The Court finds that certification of an interlocutory appeal is unwarranted in this case because there is no substantial ground for difference of opinion on the controlling question of law which Peerless asks the Court to certify. A substantial ground for difference of opinion may arise where the controlling question of law is difficult and of first impression, a difference of opinion exists on the question among the courts within the controlling circuit, or the circuits are split on the question. Consumer Fin. Prot. Bureau v. Frederick J. Hanna & Assocs., P.C., 165 F.Supp.3d 1330, 1335 (N.D. Ga. 2015). Conversely, a party's disagreement with how a district court applied or adjudicated the disputed question of law is insufficient to amount to a substantial difference of opinion. See McFarlin, 381 F.3d at 1259 ("The antithesis of a proper § 1292(b) appeal is one that turns on . . . whether the district court properly applied settled law to the facts or evidence of a particular case.").

Here, Peerless takes issue with the Court's finding on summary judgment that a noncompetition agreement contained within a contract between Peerless and Local Access is enforceable under Illinois law.1 Peerless correctly cites the controlling law that noncompetition agreements are only permitted in contexts where the agreement serves a protectable interest recognized under Illinois law. Peerless then argues that Illinois courts recognize only three situations where such a protectable interest arises: employment contracts, joint partnerships, and contracts for the sale of a business. Since the contract between Peerless and Local Access does not fall directly within any of these contexts, Peerless concludes that the Court's decision was either incorrect or expanded the scope of Illinois law regarding the types of interests which may be protected by a noncompetition agreement.

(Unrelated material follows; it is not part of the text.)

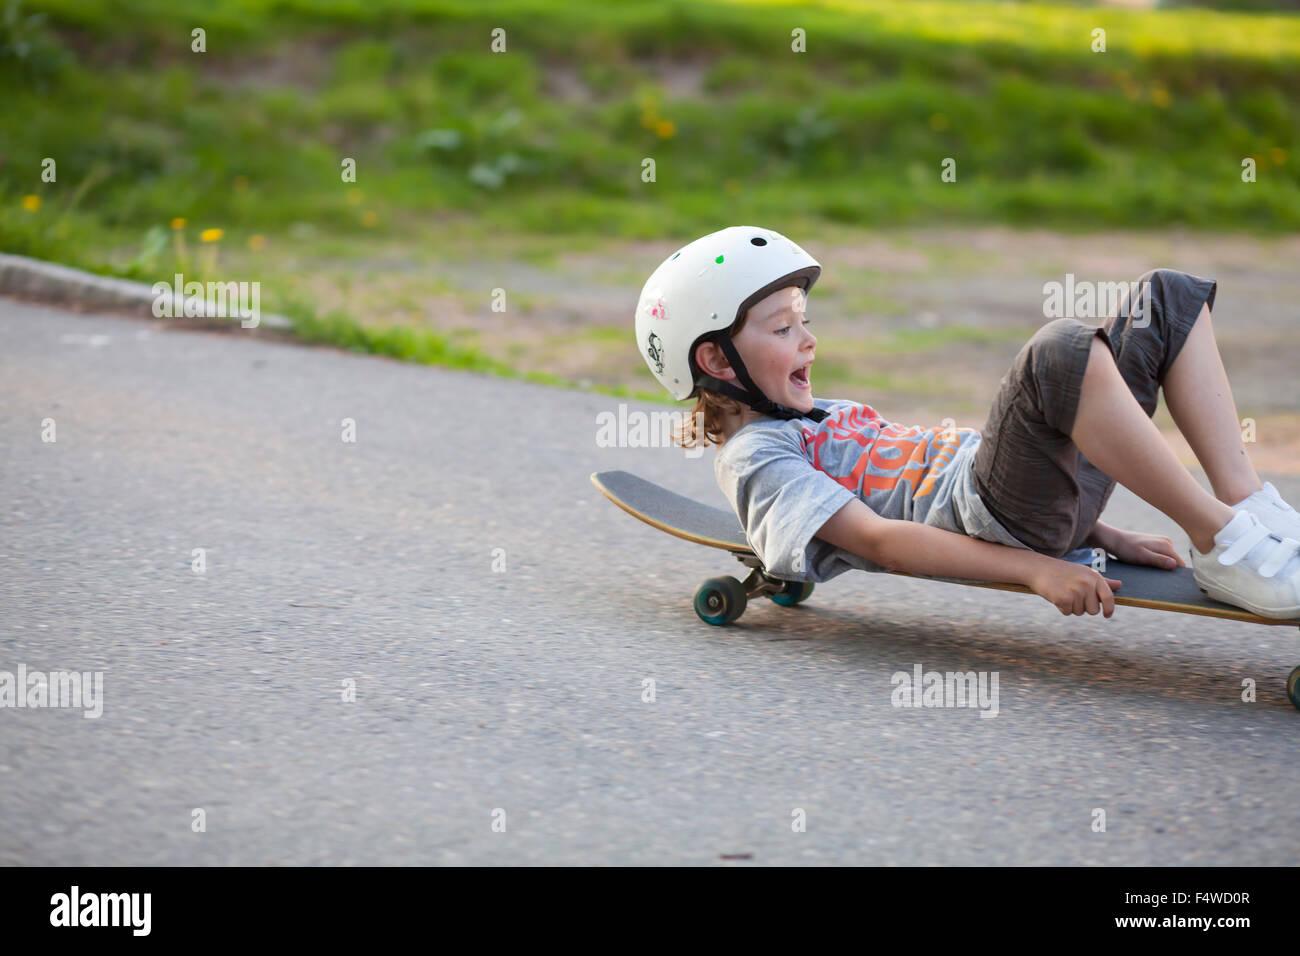 La Suède, Vastergotland, Lerum, Boy (8-9), le glissement vers le bas sur la rue skateboard Photo Stock

To the extent Peerless contends that the Court misapplied Illinois law in finding the noncompetition agreement enforceable, Peerless's position is not enough to amount to a substantial difference of opinion. See McFarlin, 381 F.3d at 1259.

To the extent Peerless believes the Court has pioneered new ground in the area if Illinois noncompetition law, Peerless is mistaken. As explained in the Court's Order resolving Peerless's motion for reconsideration, Illinois courts and courts applying Illinois law have historically enforced noncompetition agreements in a wide range of business dealings outside the contexts of employment contracts, joint partnerships, or contracts for the sale of a business. See, e.g., Liautaud v. Liautaud, 221 F.3d 981, 986 (7th Cir. 2000) (observing that any "valid transaction may support a covenant not to compete" under Illinois law, and enforcing a noncompetition agreement made as a condition for one party gifting his trade secrets to another); McDonald's Sys., Inc. v. Sandy's Inc., 195 N.E.2d 22, 31 (Ill. App. Ct. 1963) (enforcing noncompetition agreement contained within franchise contract); Am. Sand & Gravel Co. v. Chi. Gravel Co., 184 Ill.App. 509, 525 (Ill. App. Ct. 1914) (enforcing noncompetition agreement contained within exclusivity contract); cf. Owens Trophies, Inc. v. Bluestone Designs & Creations, Inc., No. 12 C 7670, 2014 WL 5858261, at *4 n.5 (N.D. Ill. Nov. 12, 2014) (noting that "the employer-employee and sale of a business frameworks are not the only categories of non-competition agreements"). Accordingly, Illinois law directly supports the enforceability of the noncompetition agreement in this case, which the Court has found to protect Local Access's legitimate interest in the success of its company. See Cent. Water Works Supply, Inc. v. Fisher, 608 N.E.2d 618, 623 (Ill. App. Ct. 1993) (finding the success of a company to be a legitimate business interest protectable under Illinois law by a noncompetition agreement). There is consequently no substantial ground for difference of opinion on the question Peerless asks this Court to certify.

III. CONCLUSION

Accordingly, it is ORDERED AND ADJUDGED that Defendant's Motion to Certify Interlocutory Appeal (Doc. 258) is DENIED.

DONE AND ORDERED.

FootNotes


1. Due to a choice of law provision in the contract, the Court applies Illinois law to Local Access's breach of contract claim against Peerless.